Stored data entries

• • • •

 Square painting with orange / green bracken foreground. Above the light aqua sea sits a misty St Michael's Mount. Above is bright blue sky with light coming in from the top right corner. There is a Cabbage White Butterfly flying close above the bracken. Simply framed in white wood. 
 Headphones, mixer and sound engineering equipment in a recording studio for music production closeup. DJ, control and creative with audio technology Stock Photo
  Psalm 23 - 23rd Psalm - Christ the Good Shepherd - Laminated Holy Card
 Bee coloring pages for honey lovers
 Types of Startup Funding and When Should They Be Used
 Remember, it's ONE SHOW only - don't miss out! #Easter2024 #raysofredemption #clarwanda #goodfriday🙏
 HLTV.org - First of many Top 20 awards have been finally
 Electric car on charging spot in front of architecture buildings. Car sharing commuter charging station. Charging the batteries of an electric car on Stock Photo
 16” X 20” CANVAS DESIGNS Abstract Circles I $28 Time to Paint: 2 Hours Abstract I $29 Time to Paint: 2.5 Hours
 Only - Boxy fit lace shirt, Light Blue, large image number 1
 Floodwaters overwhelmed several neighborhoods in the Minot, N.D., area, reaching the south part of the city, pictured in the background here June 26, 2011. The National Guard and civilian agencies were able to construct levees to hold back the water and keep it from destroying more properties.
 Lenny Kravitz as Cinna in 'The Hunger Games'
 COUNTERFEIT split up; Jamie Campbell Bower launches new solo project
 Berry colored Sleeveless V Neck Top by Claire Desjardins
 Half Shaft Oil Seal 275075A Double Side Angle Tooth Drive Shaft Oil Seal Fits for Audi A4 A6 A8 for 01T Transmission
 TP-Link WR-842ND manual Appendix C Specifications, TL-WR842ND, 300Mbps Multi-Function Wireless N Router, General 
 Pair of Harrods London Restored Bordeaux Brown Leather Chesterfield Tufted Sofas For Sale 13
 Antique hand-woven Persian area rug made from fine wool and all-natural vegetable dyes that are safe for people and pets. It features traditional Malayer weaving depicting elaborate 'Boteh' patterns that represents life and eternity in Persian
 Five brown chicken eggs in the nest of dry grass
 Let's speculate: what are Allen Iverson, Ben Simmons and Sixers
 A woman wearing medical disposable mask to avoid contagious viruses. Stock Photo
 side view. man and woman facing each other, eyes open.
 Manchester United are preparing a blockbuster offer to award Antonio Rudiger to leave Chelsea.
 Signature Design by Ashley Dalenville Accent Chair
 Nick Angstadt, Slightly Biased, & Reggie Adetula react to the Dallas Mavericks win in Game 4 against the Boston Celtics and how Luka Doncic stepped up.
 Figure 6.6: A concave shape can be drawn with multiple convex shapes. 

• • • •

REQUIREMENT - Search the data for "Stock". Copy each line that has it.

THE COMPLETED TASK -
 Headphones, mixer and sound engineering equipment in a recording studio for music production closeup. DJ, control and creative with audio technology Stock Photo
 Electric car on charging spot in front of architecture buildings. Car sharing commuter charging station. Charging the batteries of an electric car on Stock Photo
 A woman wearing medical disposable mask to avoid contagious viruses. Stock Photo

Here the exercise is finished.